Well, it's fine if you don't connect anything else, but if you think of your "device" as whatever your monitor is plus the switch as your device, and port 1 and 8 as the two ports that "pass through" you'll see you've got what you asked for
The extra ports always have blanks in them and would never be used so it seems the 105e would do the job in my case. I'll order one right now.
Thanks very much for all this input. I guess I have to find the correct source for that device now.
Does anyone know what I need for source to build a firmware for the SG105E? It came in today but I cannot find any information on which version of openwrt I need.
just use the factory firmware. I'm not sure if it's supported by OpenWrt, but even if it is, for a switch I'd just use the latest factory.
I bought it for nothing then. I need one that has openwrt running on it because the tools I'm using are in openwrt.
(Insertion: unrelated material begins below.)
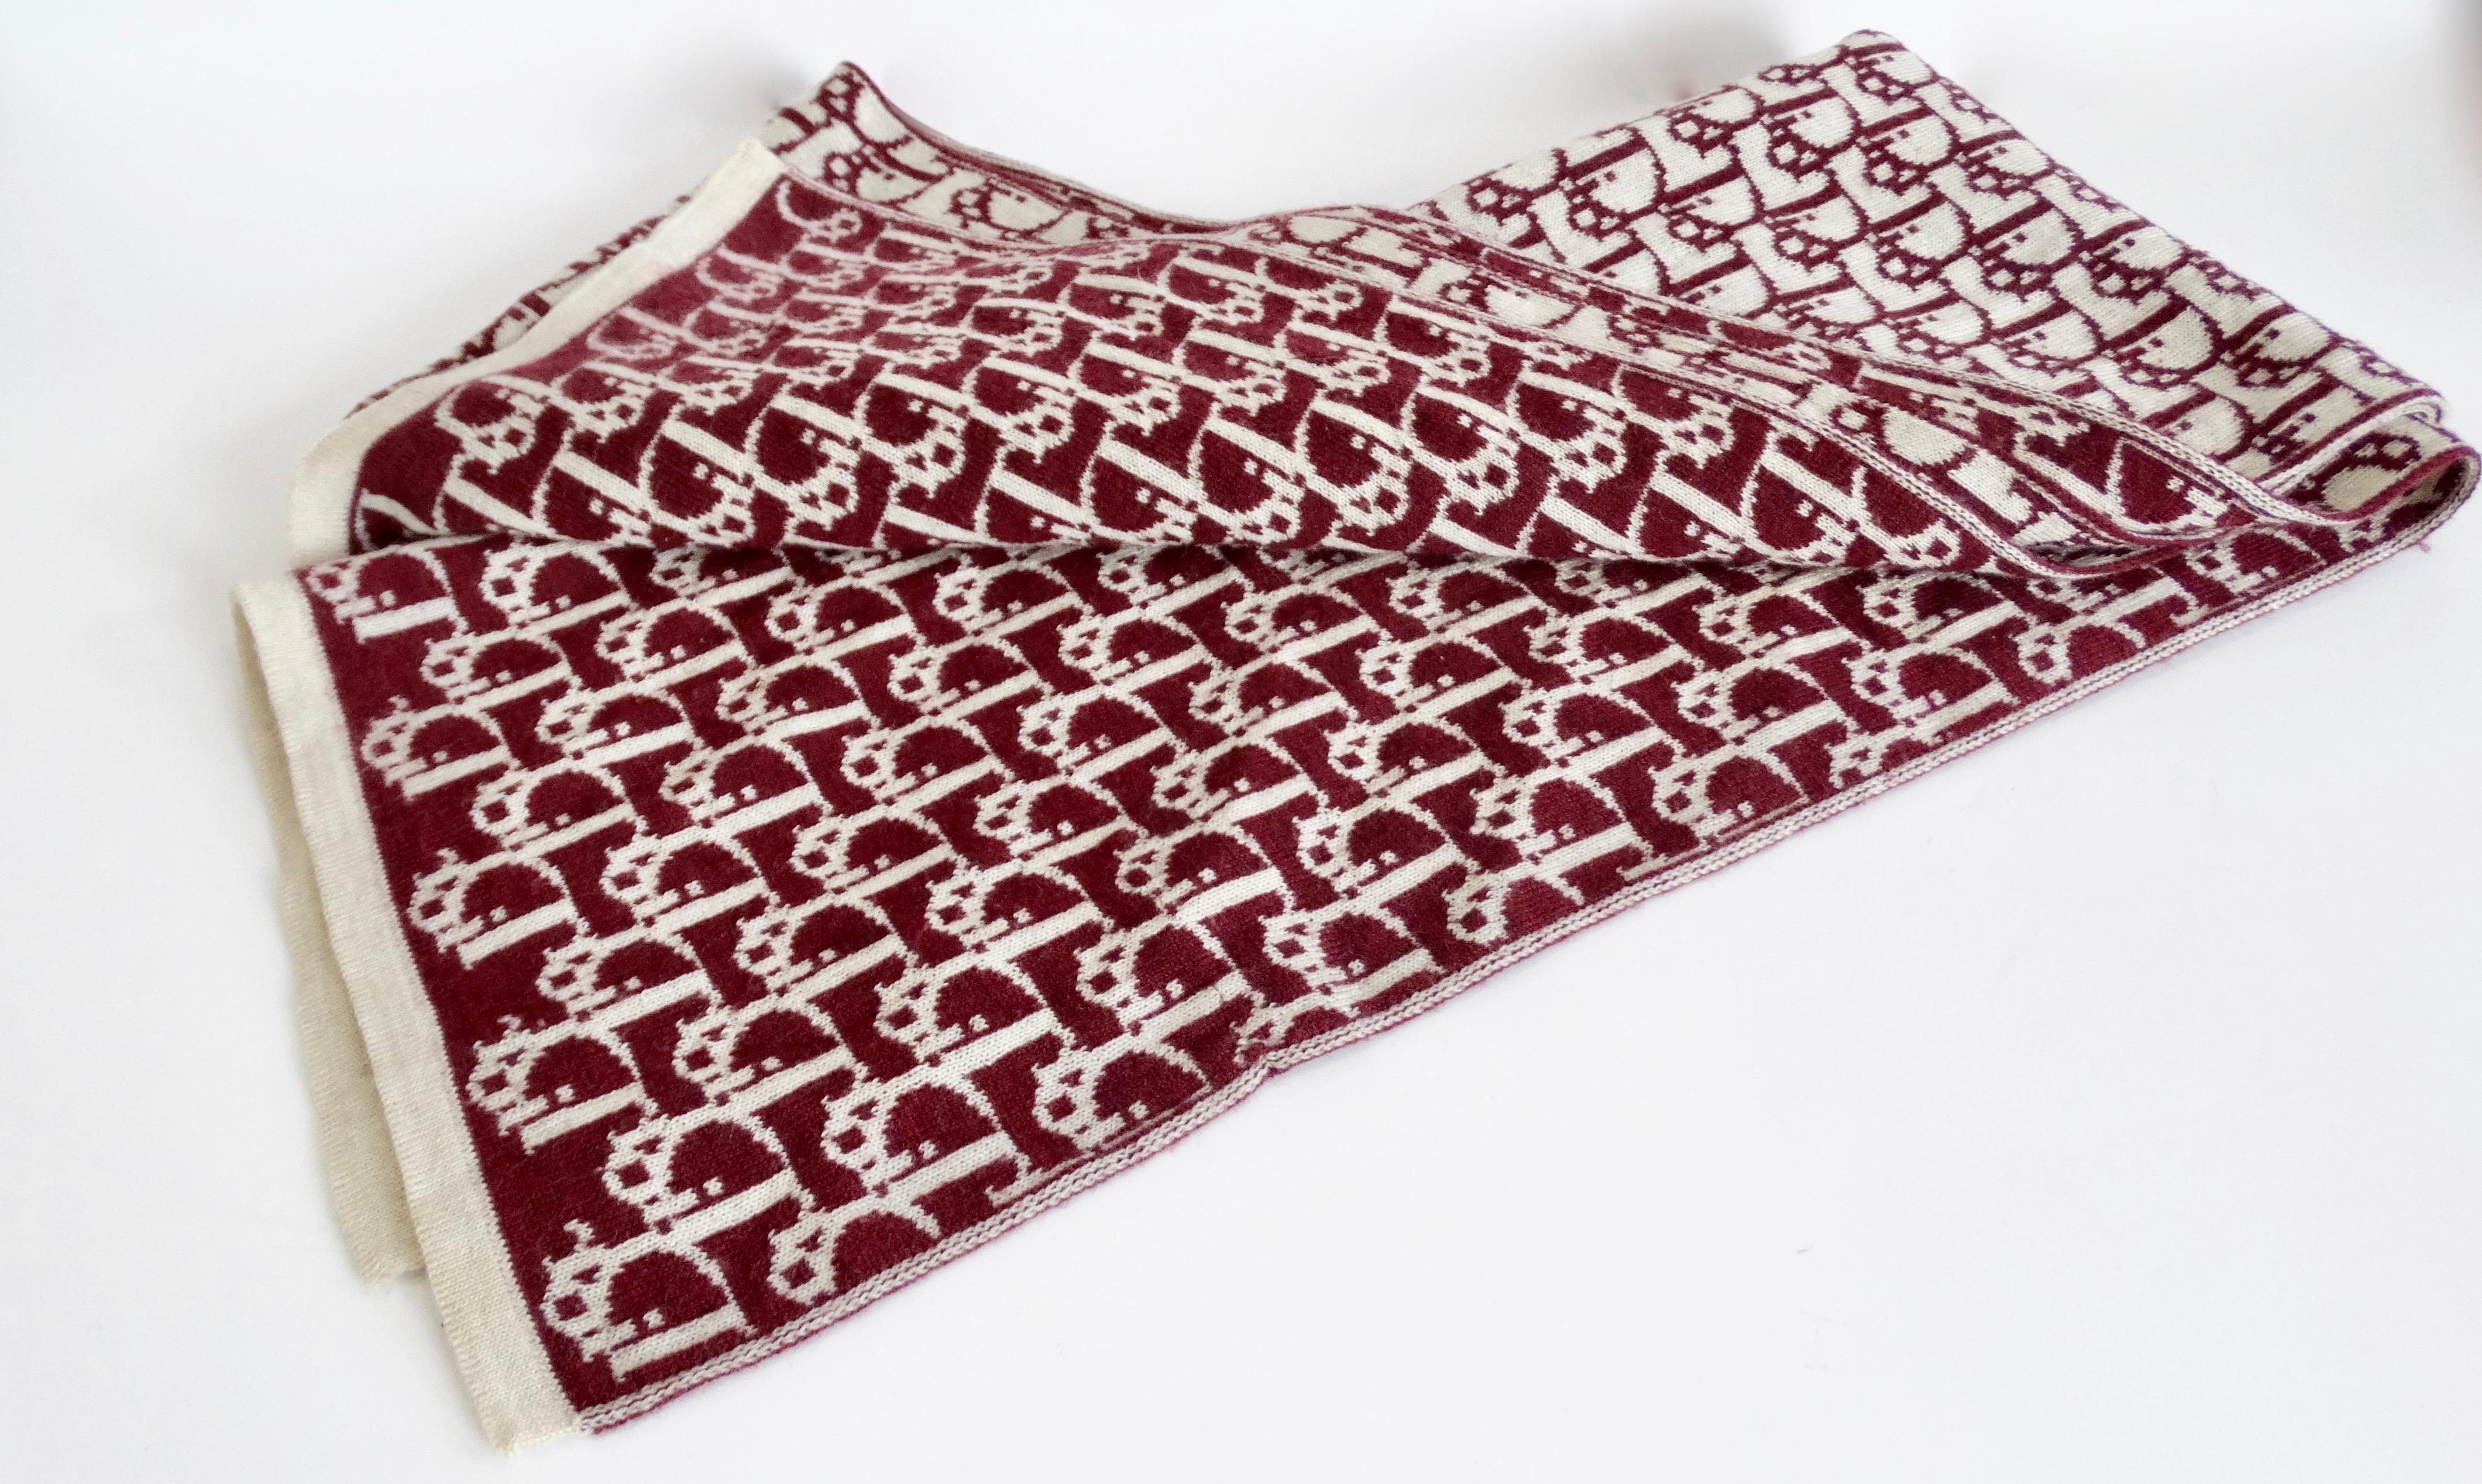 Stay cozy all winter long with this Dior scarf! Circa 1990s, this extra long scarf is made of extra soft wool and features the Dior monogram in maroon letters with a cream background, and vice versa on the back. The perfect scarf to throw on with

Darn, guess I have to return it then.
Connect the NanoPi to the switch. that's the device you're trying to set up right?
Here's how it works... you have network cable A and network cable B... if these were just one cable... things would work... But you want to "see what's going on on the cable"...
So you put cable A into port 1, cable B into port 5... and then the NanoPi into port 2... then you mirror all packets going into or out of port 5 to port 2... Now the NanoPi sees all the packets but the network operates at full speed as if cable A and cable B were just one cable.
That would work but it means needing two devices. I need to find just one low cost gigabit device with at least two ports that can do full speed gigabit and packet sniffing.
Doesn't really exist. The least expensive path is going to be a gigabit managed switch that supports port mirroring like the one you have, + a device that has enough CPU to process a gigabiti of traffic through a "sniffer". That's a multi-core ARM device in the 1.2GHz+ range. So most likely an RPi4 or a NanoPi maybe.
You want the switch because it's dedicated hardware that will make the network go full throttle.
1 Like
Any possible hardware available for under $50 is going to be hard-pressed to monitor gigabit speed traffic.
In particular the various "Pi" style boards aren't built for hardcore networking. The Raspberry Pi 4 comes close because it has a gigabit MAC on the CPU, connected full speed to a PHY chip. But it only has one port. The ones with more than one Ethernet port don't have high speed busses between the NICs and the CPU.
Well, I said the cheapest, I didn't say it has to be $20.00 :).
I just need something two port that will run openwrt or Linux I guess.
Some of the tp-link and gl-inet devices look like they could do the trick.
The gl-inet gl-at750s and gl-mv1000 have gigabit ports.
They won't come close to bridging and packet sniffing a gigabit. You would probably need an x86 maybe like an i5 to do that. Somewhere around $600 maybe. It becomes much easier when you rely on dedicated hardware to do the switching... Then the sniffing device can use cpu only for sniffing.
I understand now. Most of these devices seem to have a gigabit port but the other ports are either some sort of virtual version of that port or USB or something and not physical.
You're saying I need a device that can do full speed port to port via hardware so I can use the CPU power for the actual sniffing.
That's exactly it. Just sniffing a gigabit and doing stuff with the packets will take a lot of CPU. For example when I ran ntopng on my j1900 x86 router it slowed routing down to about 250Mbps.
If you let the switch do it's switching thing, then even if your CPU is unable to keep up with the flood of packets the network users will not be disturbed and the worst case is maybe you have to sample packets in the sniffer or something.
Got it. Means I'm on the hunt for something a little special as it would have to be in the $100.00 range.
A sg105e plus RPi4 2GB with case and power supply would be $120 or so
Yes but as mentioned, I have to find one single device otherwise yes, this could have worked. I have to keep the complexity super low otherwise, I'll have to spend even more time trying to explain how things hook up. One device makes it super easy.
Take a look at the Edgerouter X? probably not really quite enough cpu power, but just about ok, and has the built-in switch chip you need.
Hi, I've spent a lot of time looking and it looks like I need to get into the x86 arena to get those hardware level NICs.
I appreciate all of the input I've received here, thank you very much.